Entwicklung von Werkzeugen zur Darstellung und Durchmusterung von Proteinbibliotheken

Abstract

Die Zufallsmutagenese etabliert sich zunehmend als Methode zur Veränderung von Proteineigenschaften. In der vorliegenden Arbeit werden Methoden zur automatisierten Erstellung und Durchmusterung von so erzeugten Proteinbibliotheken beschrieben. Um die Durchmusterung der Bibliotheken mit Roboterunterstützung durchführen zu können, wurde ein Verfahren entwickelt, welches die Vereinzelung der Mutanten in Mikrotiterplatten erlaubt. Zu diesem Zweck wurde ein Vektor konstruiert, welcher neben dem mutierten Gen noch das green fluorescent Protein (gfp) trägt.
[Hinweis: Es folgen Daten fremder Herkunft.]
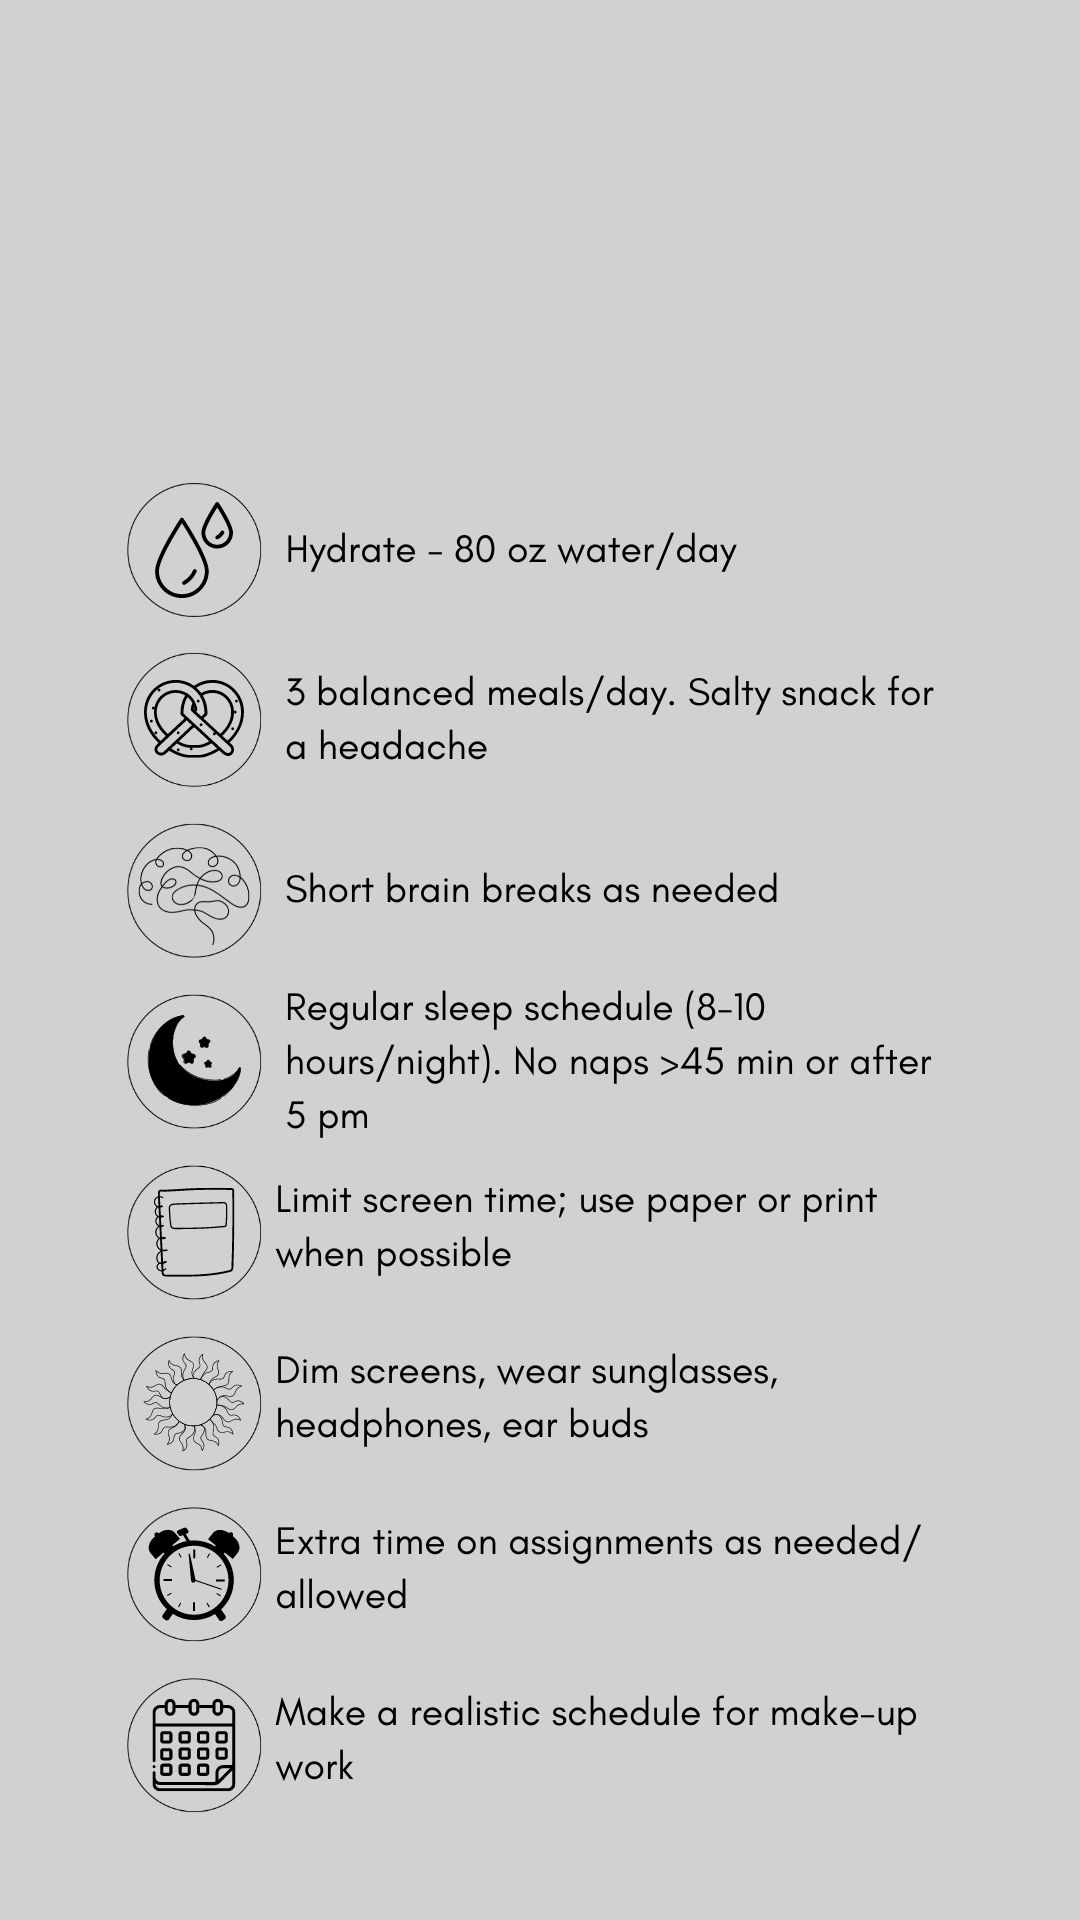 Black text and graphics with concussion treatment tips against a gray backdrop. The tips include hydrate (80 oz. water/day). Eat 3 balanced meals/day, salt snack for headache. Short brain breaks as needed, Sleep time (8-10 hrs/night), no naps > 45 mins. or after 5 pm. Limit screens, use paper/print. when possible .Dim screens. wear sunglasses, headphones, earbuds. Allow extra time on assignments as allowed. Pace yourself. Make a realistic schedule for make-up work.

Mit diesem Vektor transformierte E. coli konnten bereits 3 Stunden nach Transformation mittels eines Zellsorters detektiert und in Kompartimente einer Mikrotiterplatte abgelegt werden, wo sie identisches Wachstums- und Expressionsverhalten zeigten. Für den Nachweis von Epoxidhydrolase-Aktivität wurde ein Assay auf Basis von p-(4-Nitrobenzyl)-pyridin entwickelt. Der Test wurde im robotergestützten Hochdurchsatzscreening einer Streptomyceten-Stammsammlung validiert. Es gelang damit allerdings nicht in einer durch rationale und Zufallsmutagenese erzeugten Proteinbibliothek einer Lipase aus Bacillus thermocatenulatus Epoxidhydrolase-Aktivität nachzuweisen. Ebenfalls durch Zufallsmutagenese wurden neue Peptide für die Metallaffinitätschromatografie entwickelt. Ausgehend von einer bekannten Metallbindungsstelle einer ATPase aus Helicobacter pylori wurde das Sequenzmotiv HxHxxxCxxC mittels wobble Primer Technik variiert und an das gfp fusioniert. Die so entstandene Proteinbibliothek wurde mittels eines Laborroboters in Mikrotiterplatten auf die Bindungseigenschaften an Metallaffinitätsmatrizen untersucht. Es wurden Affinitätspeptide mit gegenüber dem (His)6-Tag deutlich verbesserten Eigenschaften gefunden. Die breite Anwendbarkeit des Affinitätspeptids konnte am Beispiel der Aufreinigung einer Lipase aus Bacillus thermocatenulatus, die sowohl in E. coli als auch in Streptomyces lividans exprimiert wurde, gezeigt werden.

Random mutagenesis is becoming a more and more powerful tool for the improvement of protein properties. In this thesis new methods for the automated preparation and screening of protein libraries are shown. Using robot assisted screening techniques, it is necessary to singularize the mutants in discrete wells of the microtiter plate. This was achieved by using a vector bearing the green fluorescent protein (gfp) and the mutated gene. Three hours after transformation, the transformants could be detected and separated in single wells of a microtiterplate by a flow cytometer. It could be shown, that the growing and expression properties in each well were identical. For the detection of epoxide hydrolase activity a assay based on p-(4-Nitrobenzyl)-pyridin was developed. The assay was validated by screening a Streptomyces strain collection. However no epoxide hydrolase activity could be detected in a protein library of a lipase from Bacillus thermocatenulatus, obtained by rational and random mutagenesis. Random mutagenesis and roboter assisted screening was also used for developing new peptides for use in immobilised metal affinity chromatography (IMAC). For this purpose, a known metal binding sequenze (HxHxxxCxxC) from an ATPase of Helicobacter pylori was mutagenised using wobble primer techniques. The tag peptides were fused to the gfp, the peptide library obtained was tested for changed binding properties to the IMAC matrix using microtiterplates and a robot system. Metal affinity peptides with improved properties compared to the (His)6-tag were found. The broad application range of the new peptides found were proven by fusion to a lipase from Bacillus thermocatenulatus, which was expressed in E. coli or Streptomyces lividans. It was also possible to cleave the tag by introducing a Xa protease cleaving site.